### Exercise goal
The answer must restate the listing word for word, without its images.

### Data block
____________
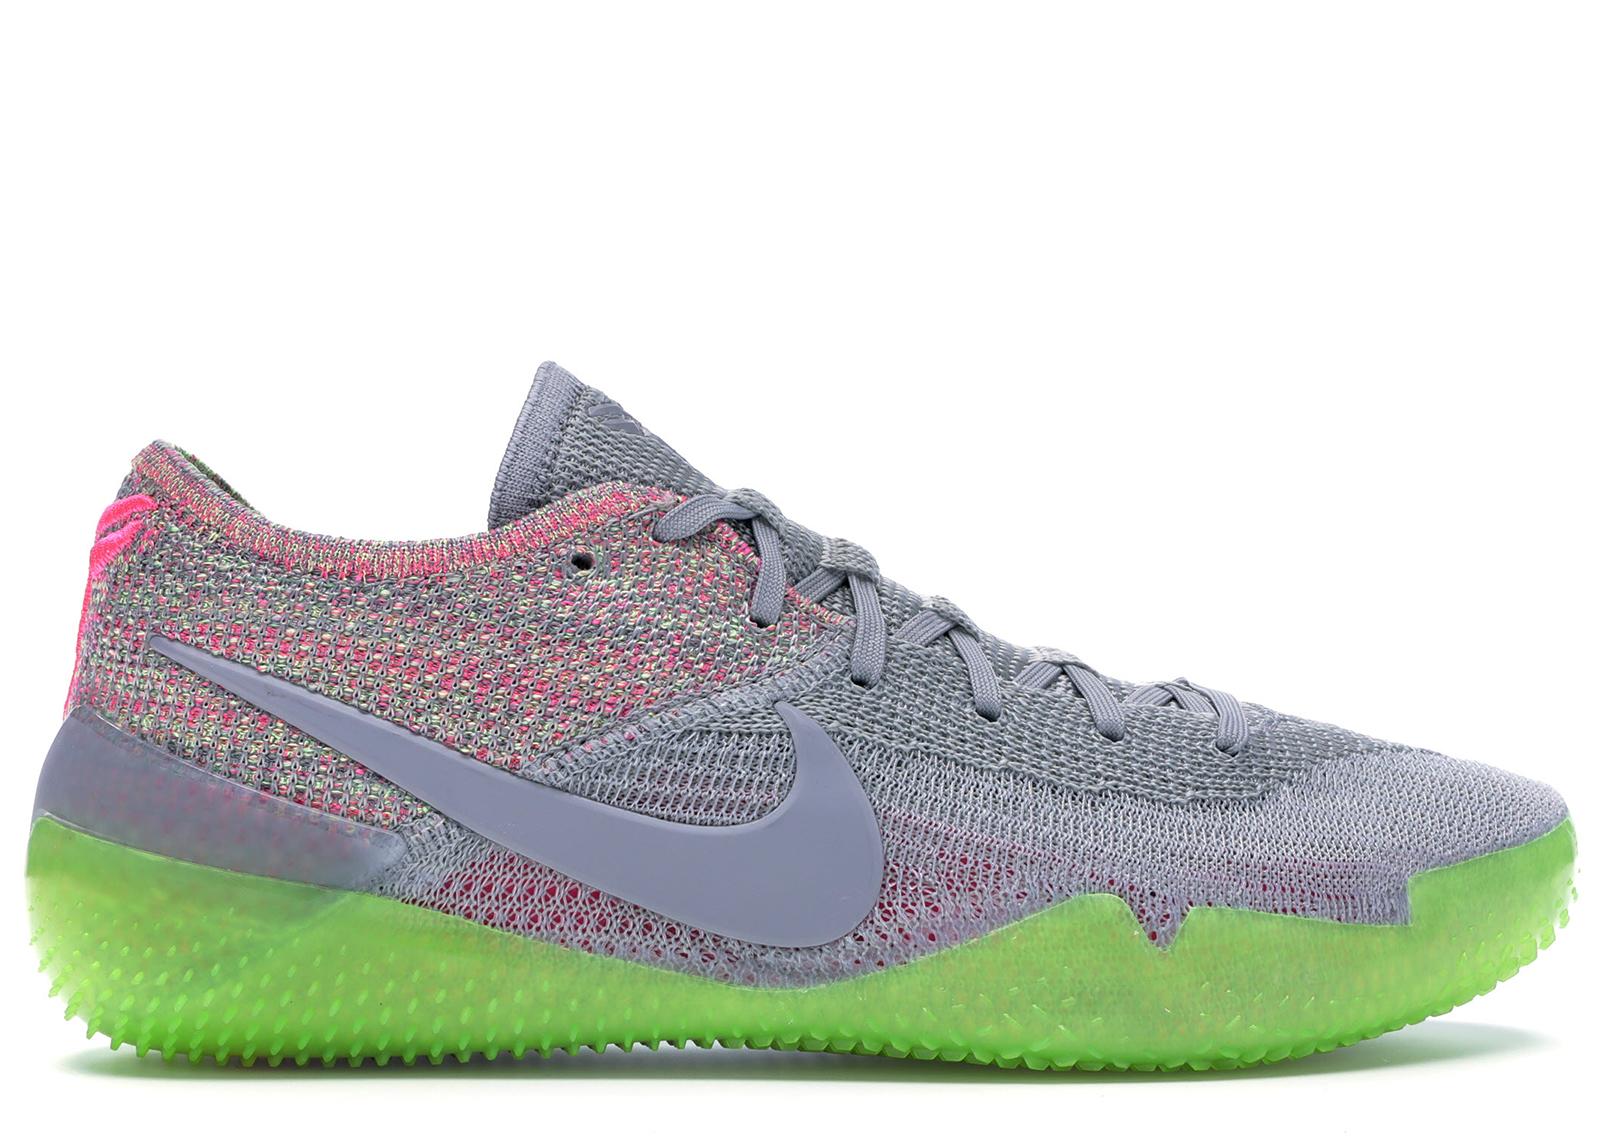 Nike Kobe NXT 360 Multi-Color - AQ1087-003
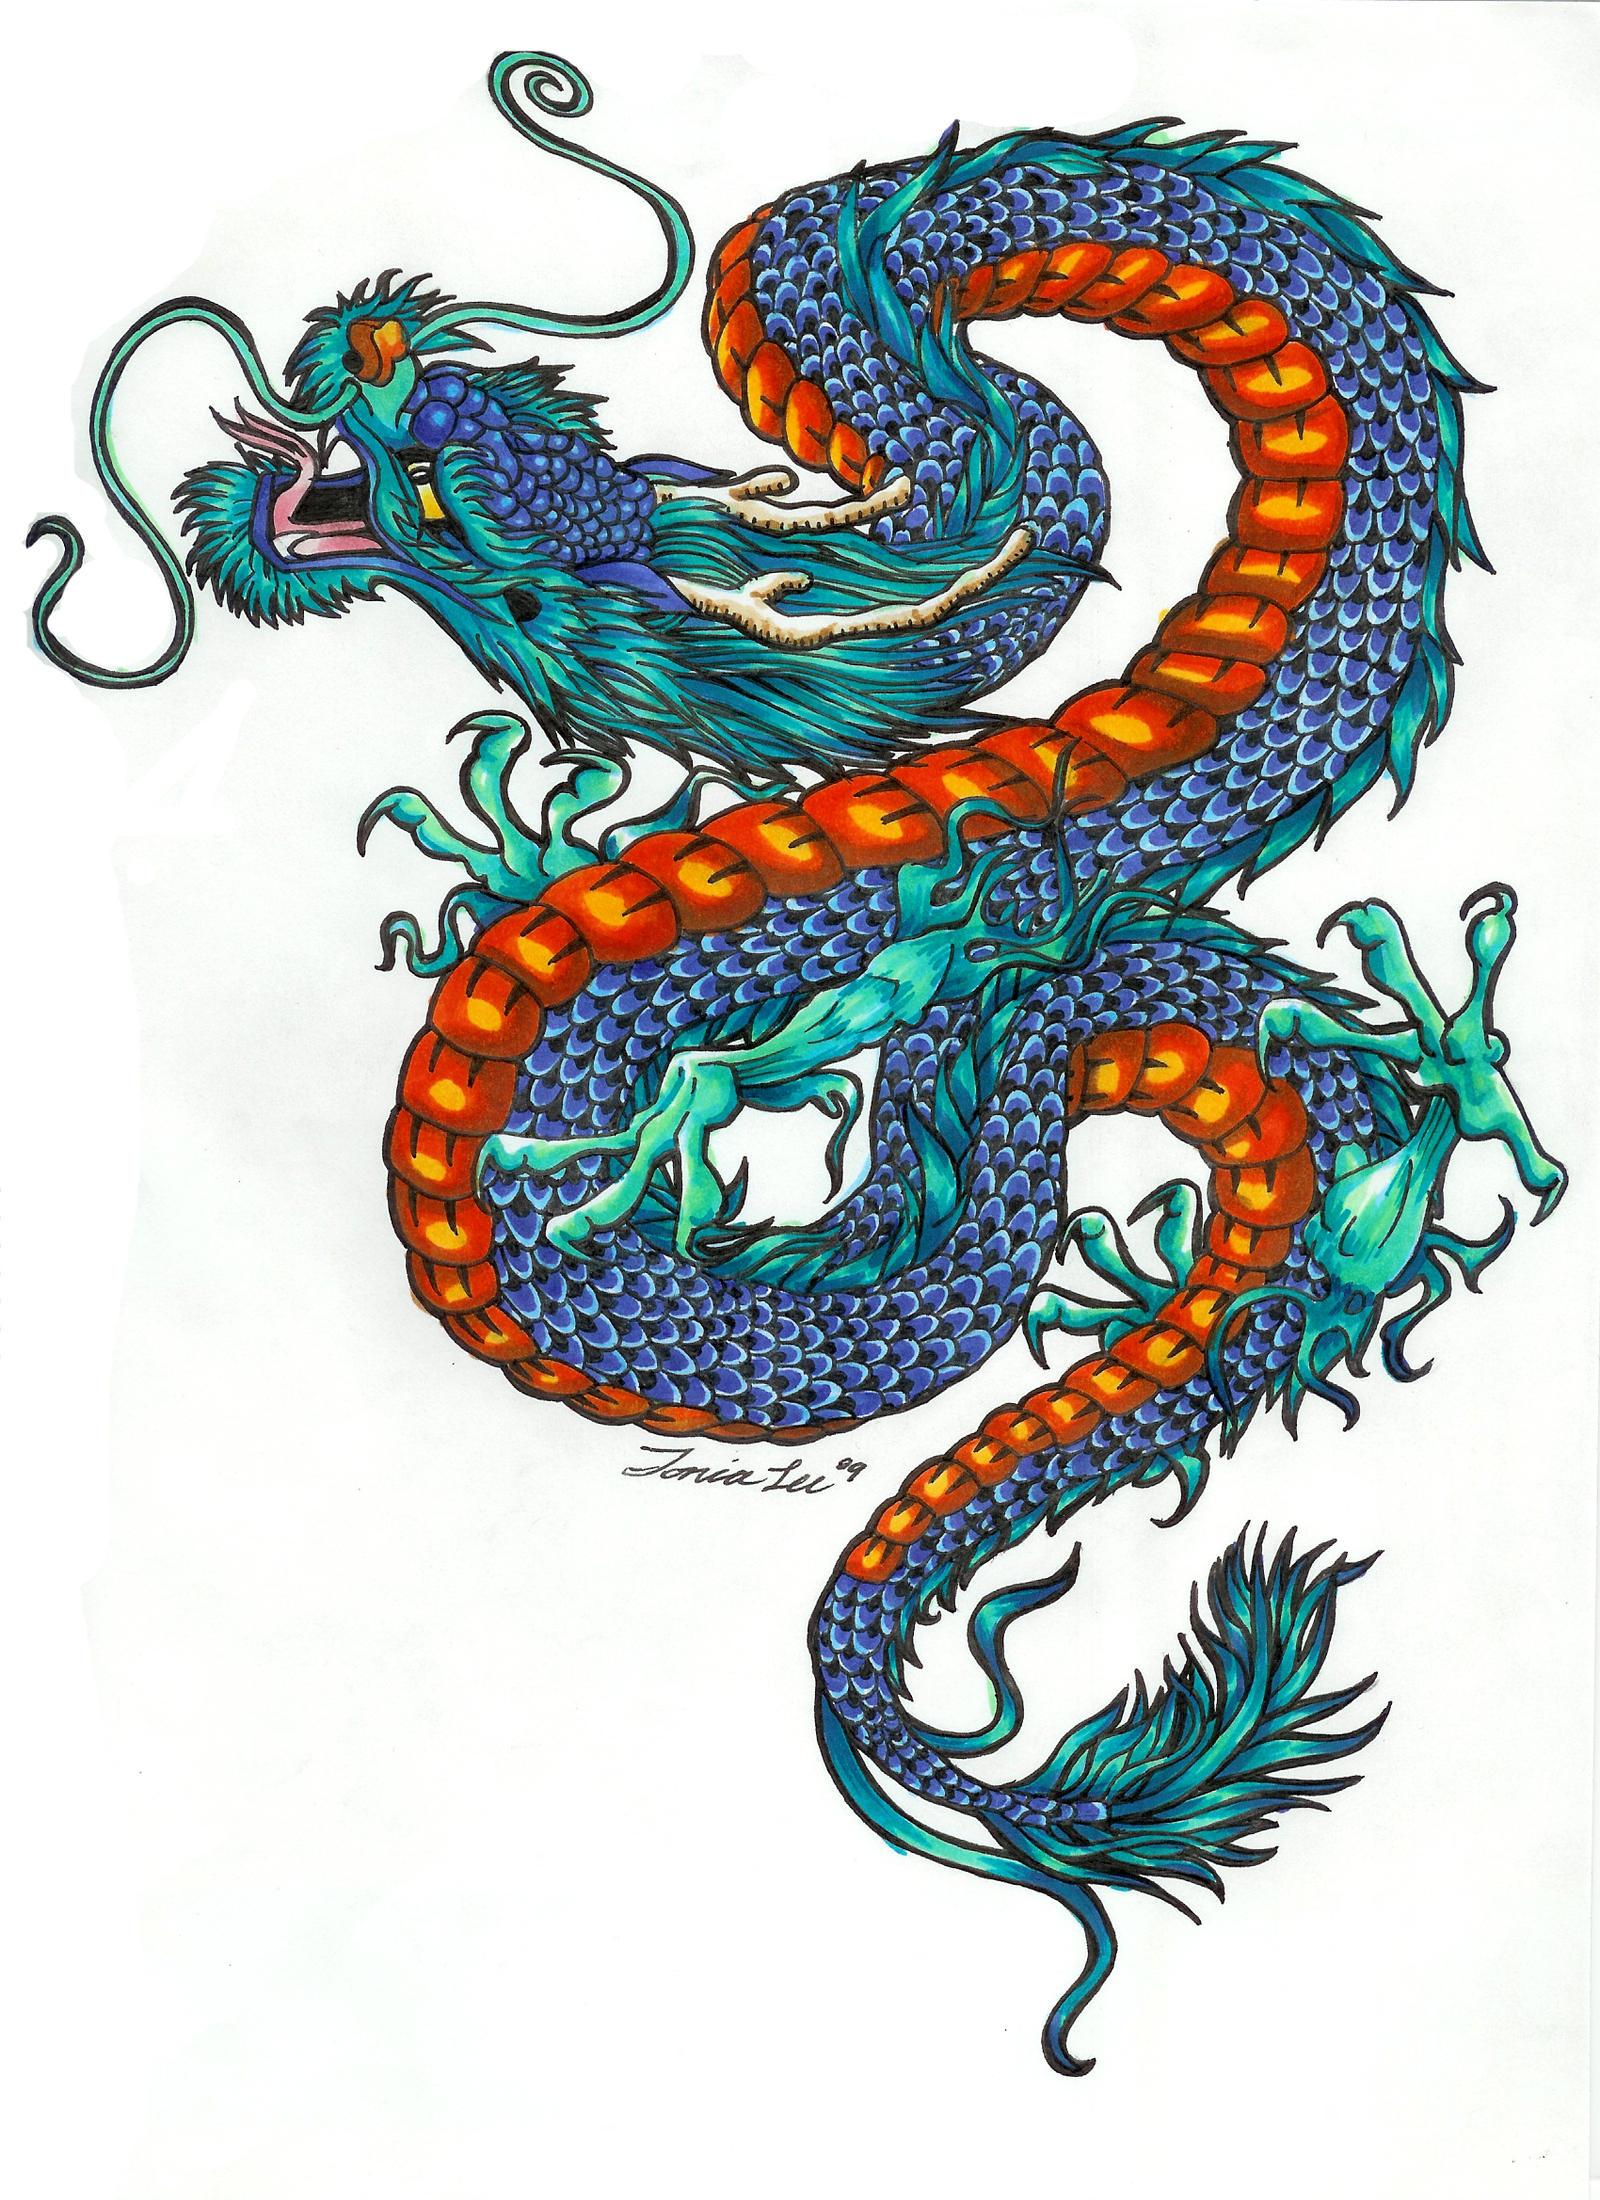 tattoo design dragon by raynehawk on deviantart. Black Bedroom Furniture Sets. Home Design Ideas
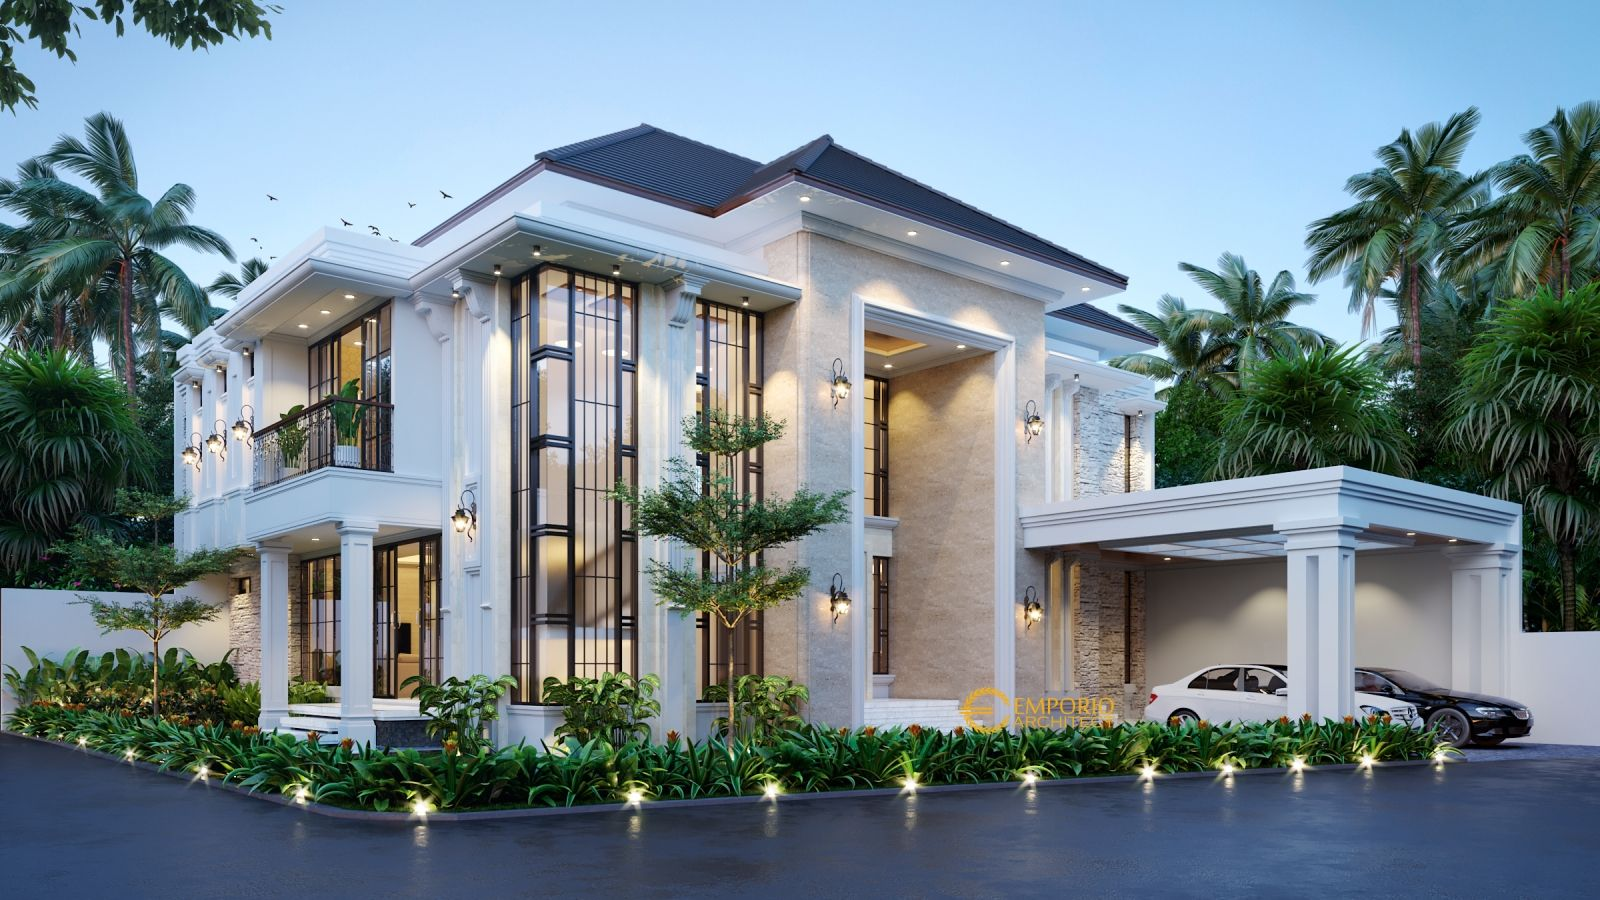 Desain Rumah Mewah Clasic Modern Cek Bahan Bangunan
____________
### Solution to the exercise
 Nike Kobe NXT 360 Multi-Color - AQ1087-003
 tattoo design dragon by raynehawk on deviantart. Black Bedroom Furniture Sets. Home Design Ideas
 Desain Rumah Mewah Clasic Modern Cek Bahan Bangunan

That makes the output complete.